▶ **Task objective**
In the material below, find the line with "Moebe Système de" and the line with "Ports de les", then output those two lines and every line between them, exactly.

▶ **Recorded data**
━━━━━━━━

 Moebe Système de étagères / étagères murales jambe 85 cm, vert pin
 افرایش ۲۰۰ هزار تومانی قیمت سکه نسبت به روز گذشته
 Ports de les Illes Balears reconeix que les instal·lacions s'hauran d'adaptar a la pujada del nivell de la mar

━━━━━━━━

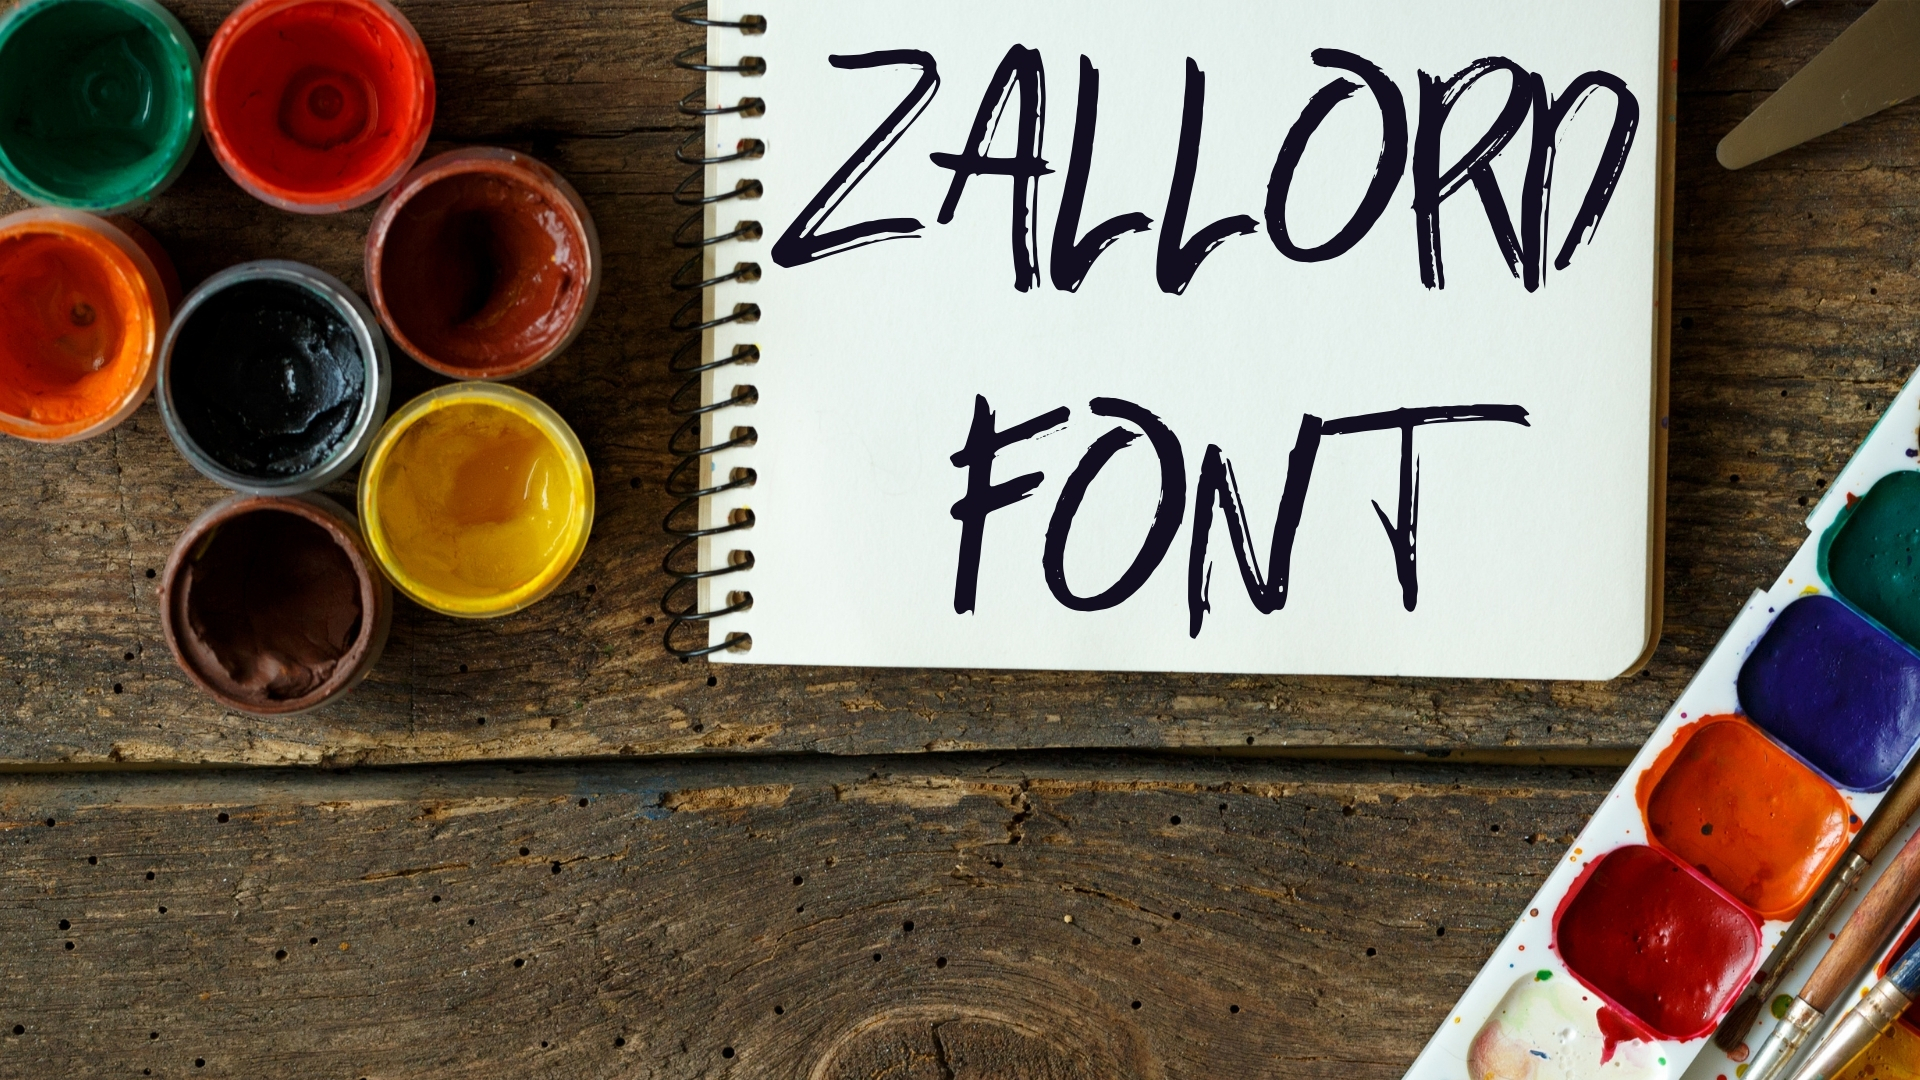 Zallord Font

━━━━━━━━

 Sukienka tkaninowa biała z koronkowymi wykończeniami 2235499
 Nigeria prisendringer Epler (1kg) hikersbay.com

━━━━━━━━

▶ **Answer to this task**
 Moebe Système de étagères / étagères murales jambe 85 cm, vert pin
 افرایش ۲۰۰ هزار تومانی قیمت سکه نسبت به روز گذشته
 Ports de les Illes Balears reconeix que les instal·lacions s'hauran d'adaptar a la pujada del nivell de la mar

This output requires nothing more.